Denizde damlaya talip olmak
Sual: Bir kimse kaza namazı kılmayıp ömür boyu teheccüd, kuşluk ve evvabin gibi sünnet olan nafile namazlar kılsa, kaza namazı borcundan kurtulmuş olur mu?
CEVAP
Asla kurtulmuş olmaz. İmam-ı Rabbani hazretleri buyuruyor ki:
Farzların yanında nafilenin hiç kıymeti yoktur. Deniz yanında damla bile değildir. (1/260)
Ömür boyu kıldığı bütün nafileler, bir farz namazın sevabına kavuşamaz. İslam âlimleri, (Farz kazası olanın nafilelerle meşgul olması ahmaklıktır) buyuruyor. Bir farzı vaktinde yapmakla, kazasını ödemek bile aynı değildir. Mesela bir kimse, Ramazan ayında farz bir orucu tutmayıp sonra kaza etse, hatta ömür boyu nafile oruç tutsa, o bir günün sevabına kavuşamaz.
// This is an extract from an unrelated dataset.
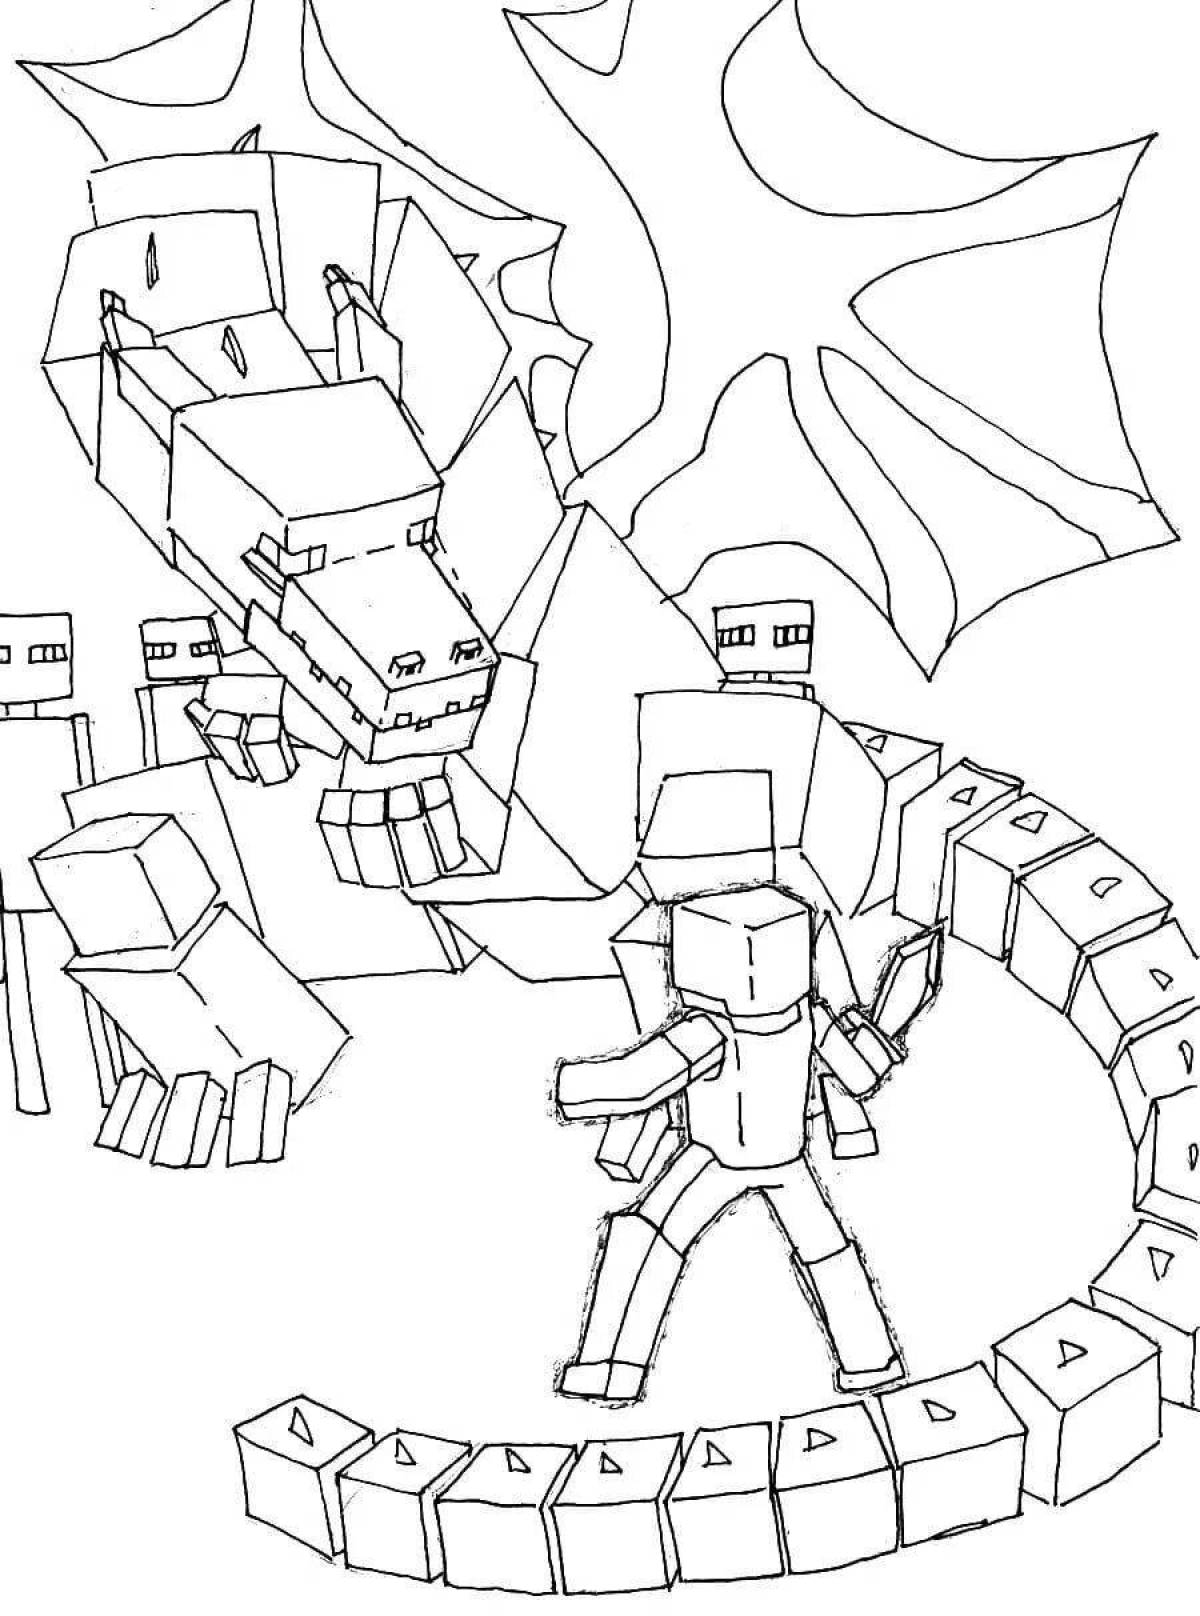 Great ender world coloring page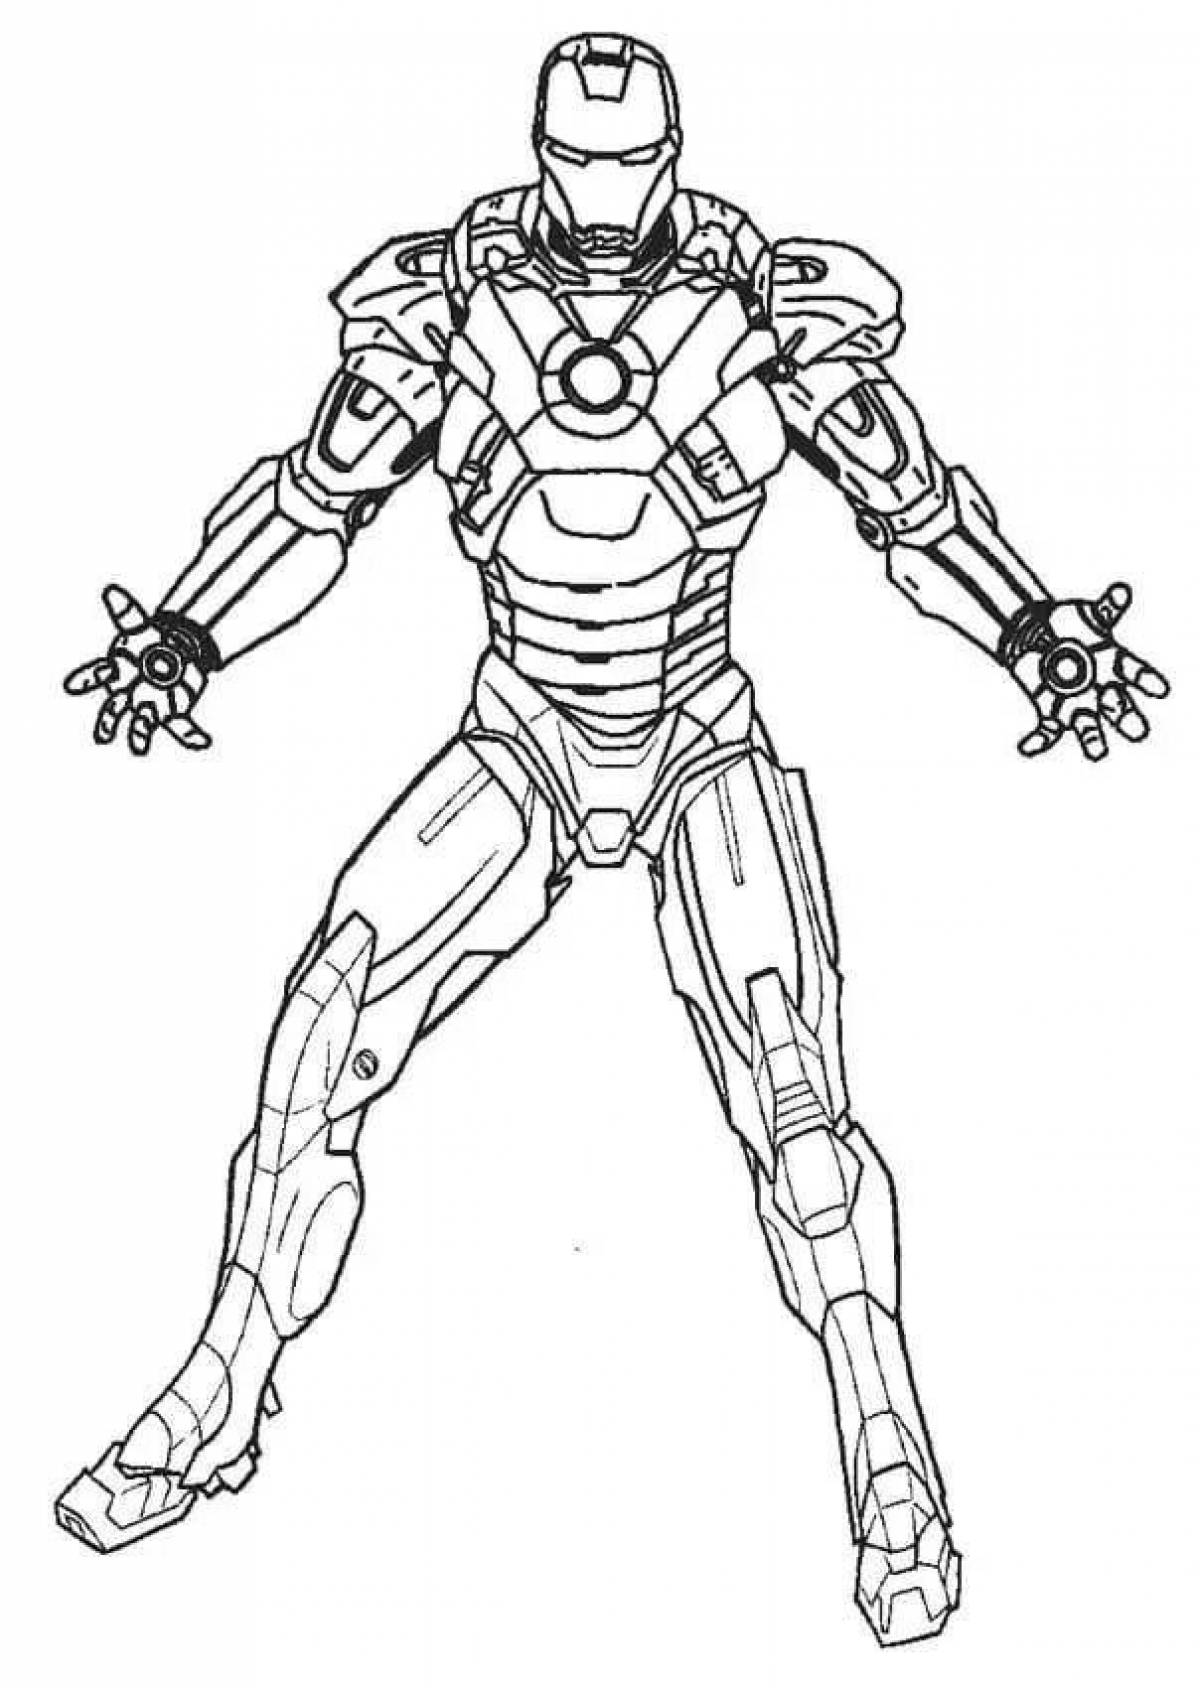 Gorgeous iron man coloring page

Bir hadis-i şerif meali şöyledir:
(Ramazanda bir gün oruç tutmayan, onun yerine bütün yıl oruç tutsa, Ramazandaki o bir günkü sevaba kavuşamaz.) [Tirmizi]
Bu hadis-i şerif, farzları vaktinde eda etmenin önemini açıkça gösteriyor. Kaza etmekle bile bu sevaba kavuşulamayacağı bildiriliyor. Hele kaza etmeyip de nafilelerle meşgul olmayı, İslam âlimleri ahmaklık olarak nitelendiriyor. Sünnetlerin de nâfile hükmüne dâhil olduğu, bütün fıkıh kitaplarında açıkça yazıyor.